*YOUR INSTRUCTIONS*: A faithful transcription of all the data, images excluded, is the required answer.

*COLLECTED MATERIAL*:
————————

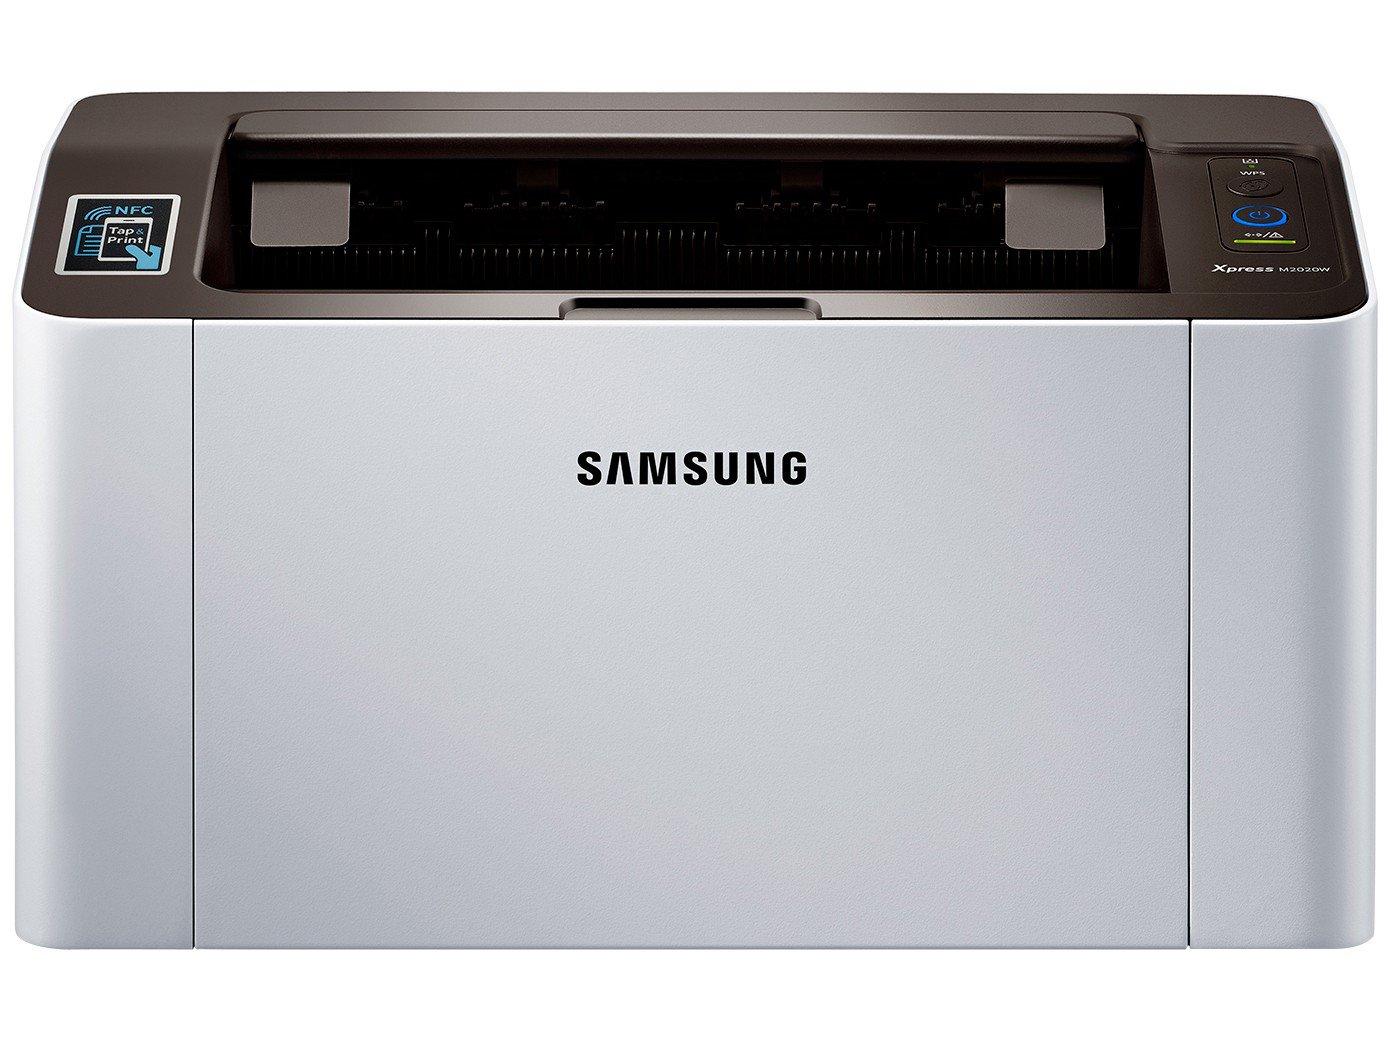 Foto 3 - Impressora Samsung Xpress SL-M2020W Wi-Fi - Monocromática USB NFC
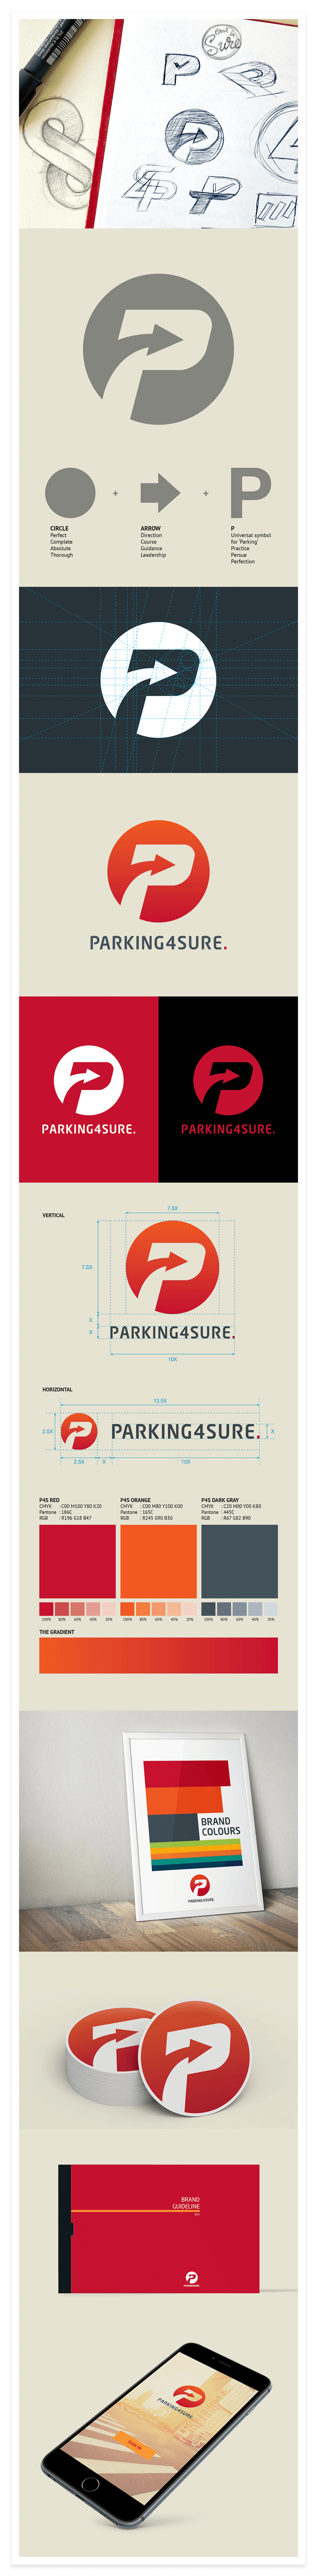 P4S - Branding_800
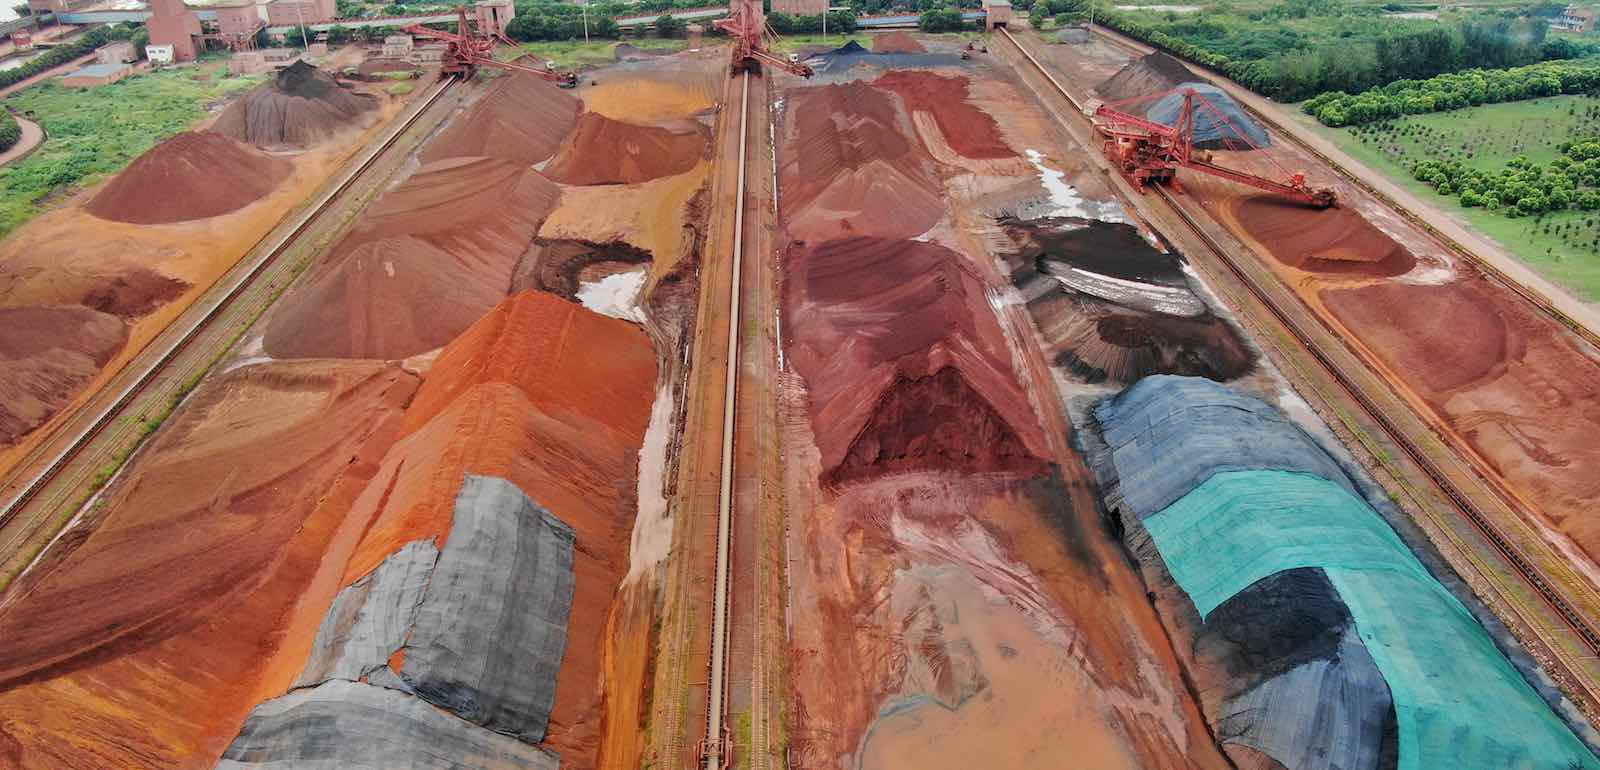 Imported iron sand at Nantong port, China (Photo: Xu Congjun via Getty)

————————

*OUTPUT OF THE EXERCISE*:
 Foto 3 - Impressora Samsung Xpress SL-M2020W Wi-Fi - Monocromática USB NFC
 P4S - Branding_800
 Imported iron sand at Nantong port, China (Photo: Xu Congjun via Getty)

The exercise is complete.